Quote:
Originally Posted by Fabe
PatNY - I use Word but never its HTML. After I do the editing and add the tags I want in Word, clear all the formatting, select all, copy, and paste it into a simple text editor where I save the file as Unicode (UTF-8) with an HTML extension. I then open this file in Sigil and finish my ePub work there.
Does this idea help? - Fabe
|
I do exactly the same thing. The attached file will unzip into a Word template file that contains several macros. Use this for the document you want to convert to HTML, then run the macro called Word2HTML. It will clean up the double-paragraph markers and end-of-line paragraph markers you commonly get in text documents, mark word heading1 - heading5 with <h1> - <h5>, replace special characters with escape codes, double-hyphens with em dashes, and more. (If you don't want to do all of the operations--see CAUTION, below--you can run the other individual macros one at a time, if you prefer.)
Now save the document as a text file, add the proper <html>, <body>, etc. tags at the top and bottom, and you'll have something fit for a clean import into Sigil. Hope this helps.

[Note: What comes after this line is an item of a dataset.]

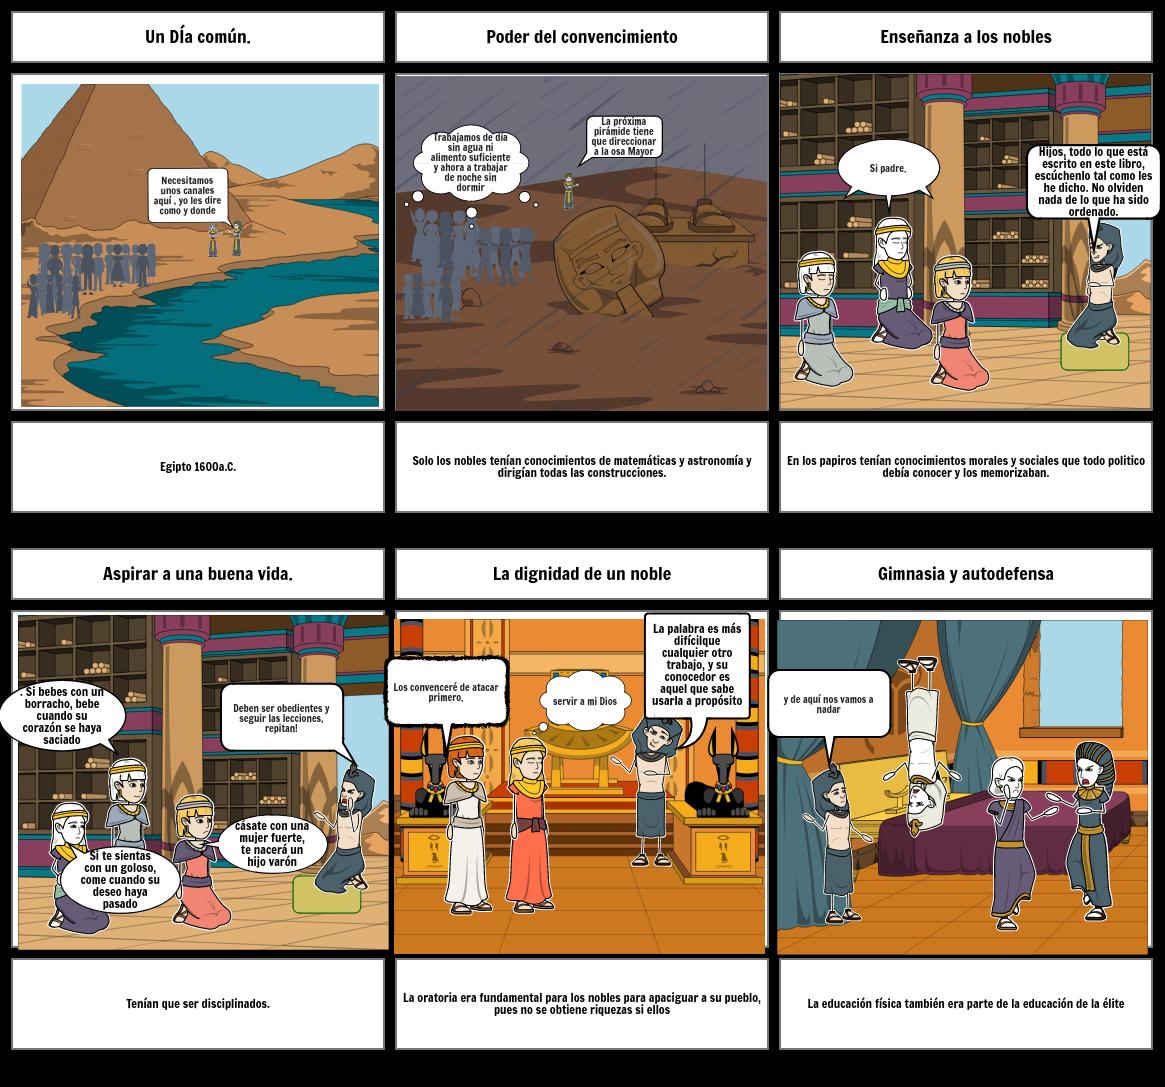 qué aprendían los egipcios?

CAUTION: This is quite useful, but not perfect and so is provided as-is, no warranty, use at your own risk, and the other usual disclaimers. It assumes you have a double-paragraph mark between paragraphs, as is common for Gutenberg and other text files. If you actually have just a single paragraph marker at the end of each paragraph, it'll turn the whole document into one huge paragraph. It also clears "unnecessary" white space, so if you have a table or tabs/spaces at the start of a paragraph, or other such formatting, you'll lose it. This is basically intended for documents that are paragraphs of text with chapter headings.